■ **Data excerpt**:
# # # # #

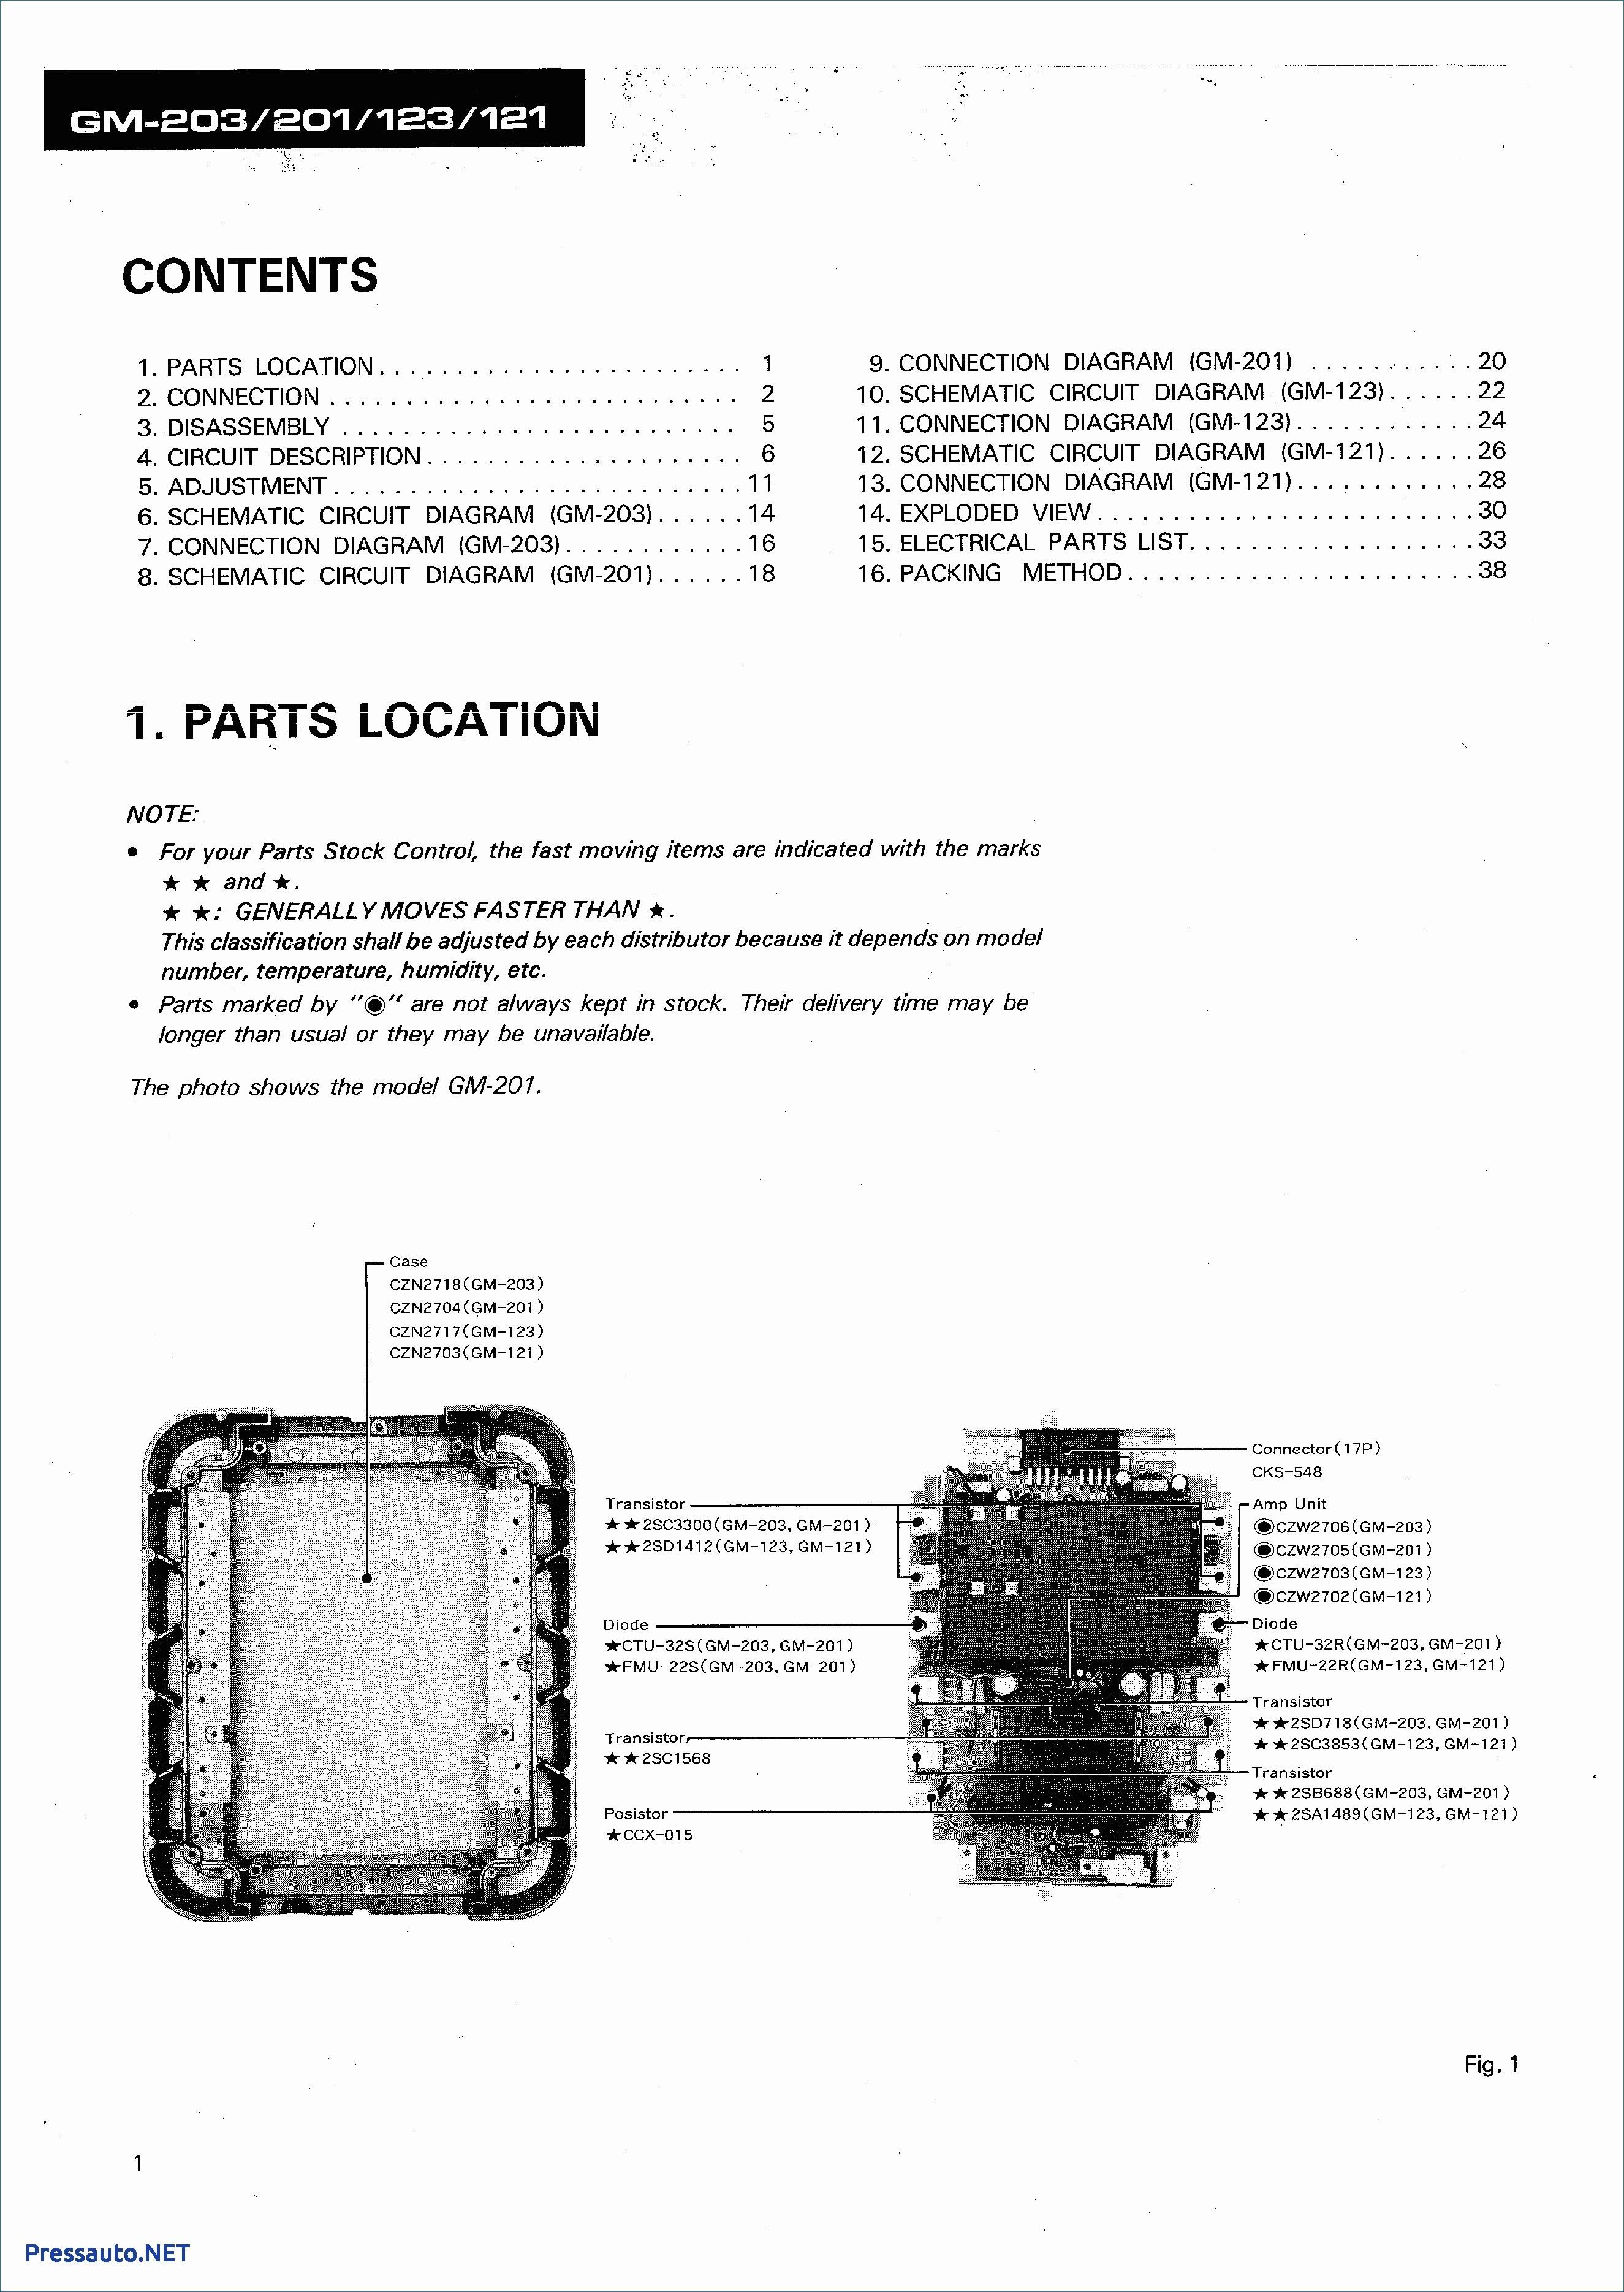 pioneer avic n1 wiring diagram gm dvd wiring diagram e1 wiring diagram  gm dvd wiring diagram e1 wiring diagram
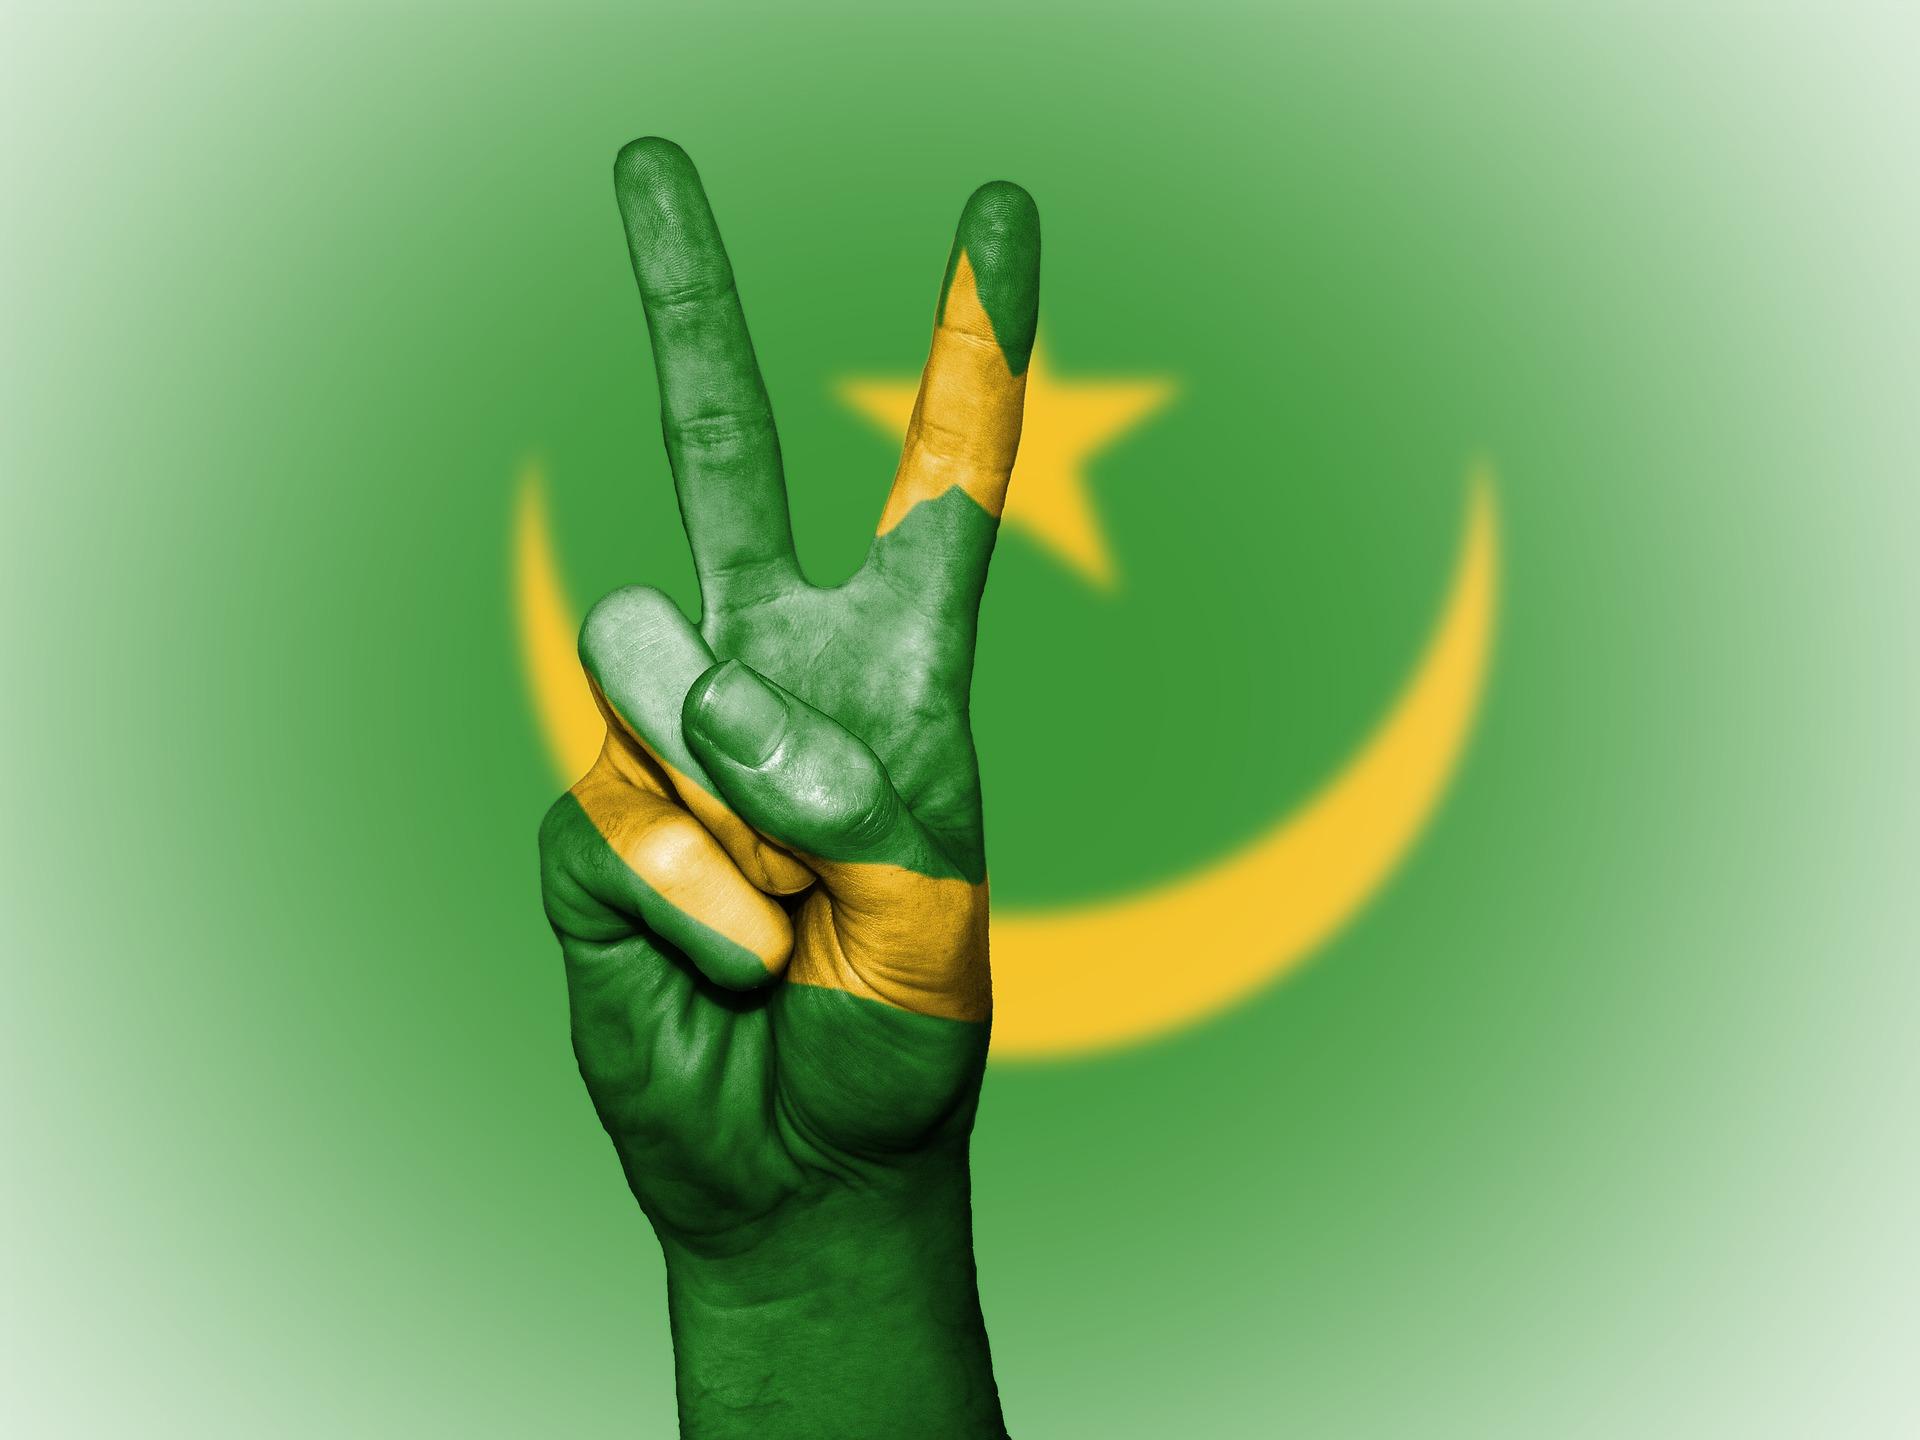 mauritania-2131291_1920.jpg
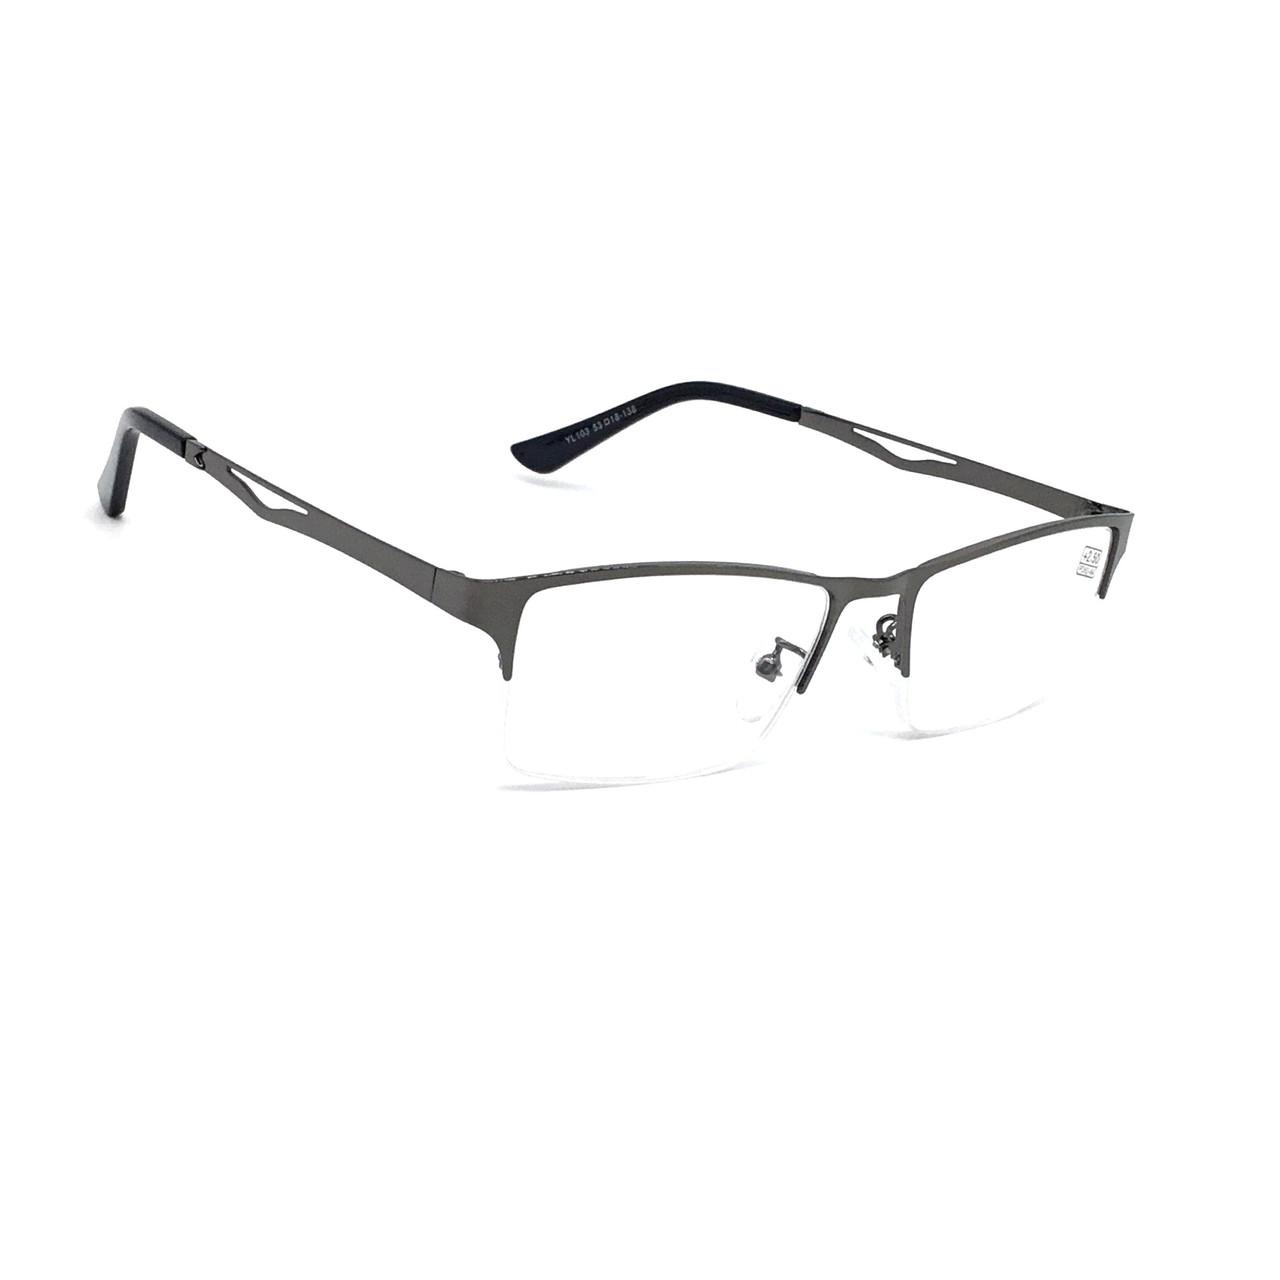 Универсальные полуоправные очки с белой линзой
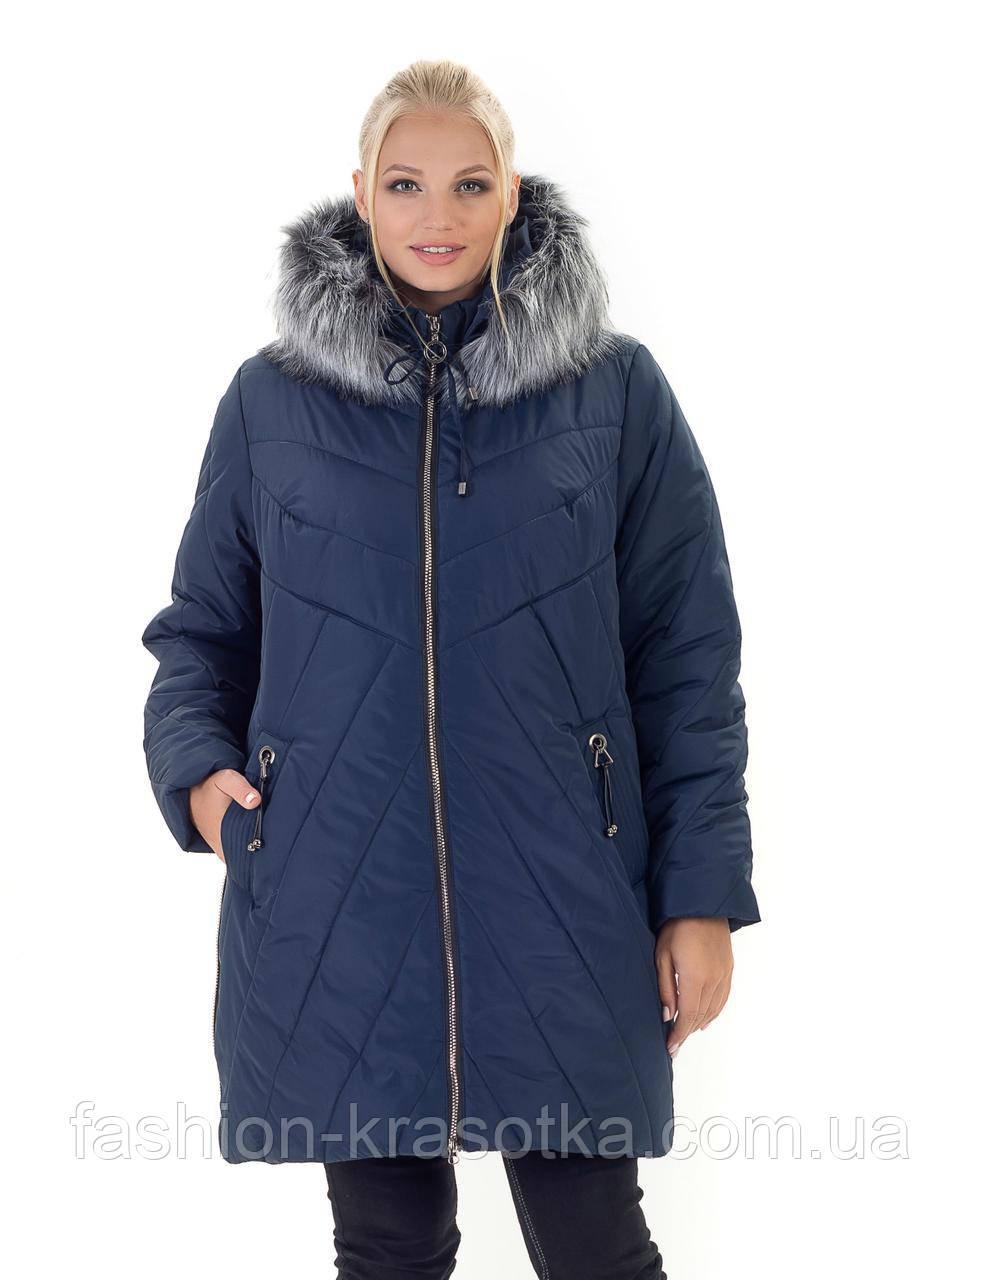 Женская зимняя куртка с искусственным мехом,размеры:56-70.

# # # # #

■ **Exercise brief**:
Everything in the listing except the pictures must be reproduced exactly.

■ **Finished task**:
 pioneer avic n1 wiring diagram gm dvd wiring diagram e1 wiring diagram  gm dvd wiring diagram e1 wiring diagram
 mauritania-2131291_1920.jpg
 Универсальные полуоправные очки с белой линзой
 Женская зимняя куртка с искусственным мехом,размеры:56-70.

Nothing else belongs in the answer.